Inferring interval of convergence from one converging value (x) and given center

Question

If $\sum_{n=0}^{\infty} c_n(x-5)^n$ converges when $x=3$, what can you say about the convergence of the following series?

(1) $\sum_{n=0}^{\infty} c_n(-1)^n$

(2) $\sum_{n=0}^{\infty} c_n2^n$

The answer states that (1) is convergent that nothing can be determined about (2).

I know I could apply the ratio test if I was asked to obtain the interval of convergence and a series such as $\sum \frac{x^2}{n2^n}$. The limit will need to be less than 1 for the series to converge. We'll get the inequality $\frac{|x|}{2} < 1$ which yields us $R = 2$ and the inequality $-2 < x < 2$.

I know that once we have an inequality like that, an $x$ value which holds the inequality would be convergent, and $x$ value that doesn't hold would be divergent, and that the endpoints are inconclusive without further testing.

I don't understand how one can infer an interval of convergence from this problem.

A power series is defined as $\sum c_n(x - a)^n$ where the series centers around $a$. The radius can't be $0$ because we have an $x$ where $x \neq a$ ($3 \neq 5$). How do I know the series doesn't converge for all $x$, giving an interval of $(-\infty, \infty)$?

How do I infer a radius from knowing that $x = 3$ converges and that $a = 5$?

I figure that once I know a radius, I will have an inequality of $5 - R < x < 5 + R$.

Answer 1

We're given that convergence holds at $x=3$, so from the definition of the radius of convergence, $R \ge 2$.

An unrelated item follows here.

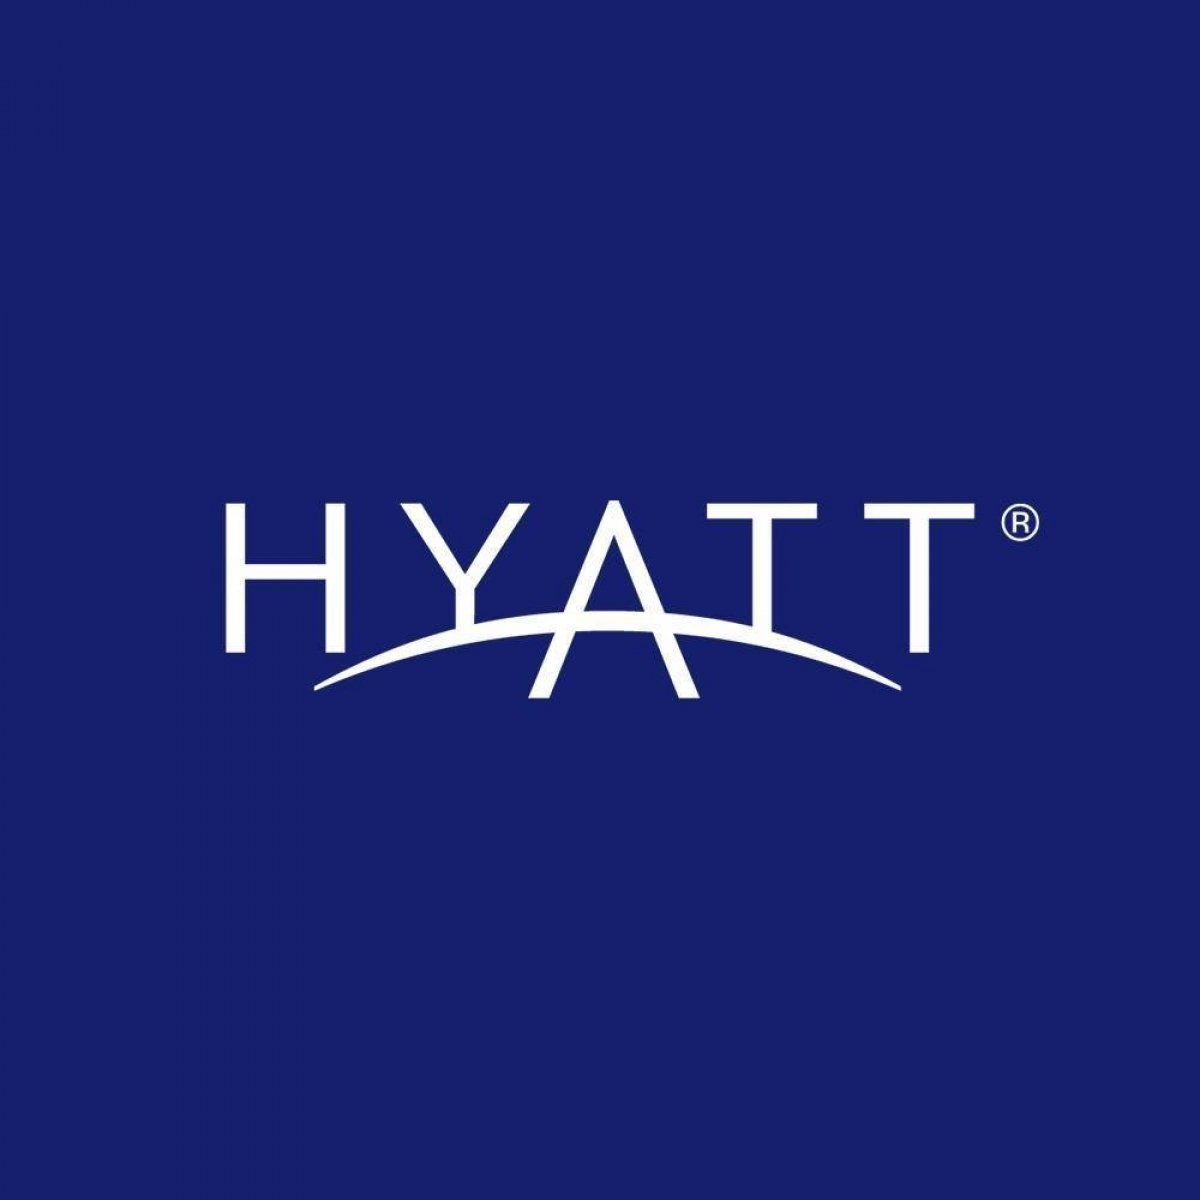 Hyatt hoteles

For part (1), we have $-1 = 4-5$ and $|4-5| = 1 < 2$, so it converges.

Now, for part (2) we need to be a little more careful. Since $R \ge 2$, we can either have $R > 2$, in which case we note $2 = 7-5$ and $|7-5| = 2 < R$ and the series converges, or we can say that $R = 2$ and then the point $x = 7$ is on the boundary. If the point is on the boundary, we cannot conclusively determine convergence behavior, and it is true that different points on the boundary can behave differently (e.g. converge at $x=3$ and diverge at $x = 7$).

Since convergence is guaranteed in the case $R > 2$ but not guaranteed in the case $R = 2$, we cannot make a conclusion.

Answer 2

We know that $x = 3$ is convergent so $R$ must be at least 2. However, we cannot determine what the radius is equal to.

\begin{align} |x - a| &< R\\ -R + a < x &< R + a\\ -R + 5 < x &< R + 5&a&=5\\ 3 \geq x &< 7&R &= 2 \end{align}

Now, the series converges for $|x - a| > R$ and is inconclusive for $|x - a| = R$. However, we're told that the series does converge at $x = 3$. This solves the inconclusion on the left-hand side of the last line, thus why it is $3 \geq x$ and not $3 < x$.

$$ \sum c_n(-1)^n \Rightarrow (x - 5) = -1 \Rightarrow x = 4\\ 3 \geq x = 4 < 7 $$

This inequality holds, so $\sum c_n (-1)^n$ is convergent.

$$ \sum c_n2^n \Rightarrow (x - 5) = 2 \Rightarrow x = 7\\ 3 \geq 7 < 7 $$

This inequality does not hold, and since $x$ is equal to our right endpoint, no conclusions can be made about the sum $\sum c_n 2^n$ .

$$\\\\$$ Another example for posterity, to hit the point home.

If $\sum_{n=0}^{\infty} c_n2^n$ is convergent, what can you conclude about the convergence of the following series?

(1) $\sum_{n=0}^{\infty} c_n(-2)^n$

(2) $\sum_{n=0}^{\infty} c_n(-3)^n$

If $x=2$ then $R$ must be at least 2.

\begin{align} -R + a < x &< R + a\\ -R < x &< R&a&=0\\ -2 < x &\leq 2&R &= 2 \end{align}

Note again, the right-hand side is $x \leq 2$ instead of $x < 2$ for the same reason as before.

\begin{align} -2 < x = -2 \leq 2&\quad(1)\\ -2 < x = -3 \leq 2&\quad(2) \end{align}

Both of these are inconclusive. If the radius was greater than 2—and we have nothing to tell us it isn't—then $x = 2$ would still hold (as it would just be inside the interval of convergence), but we can't make any conclusions about $x=-2$ or $x=-3$.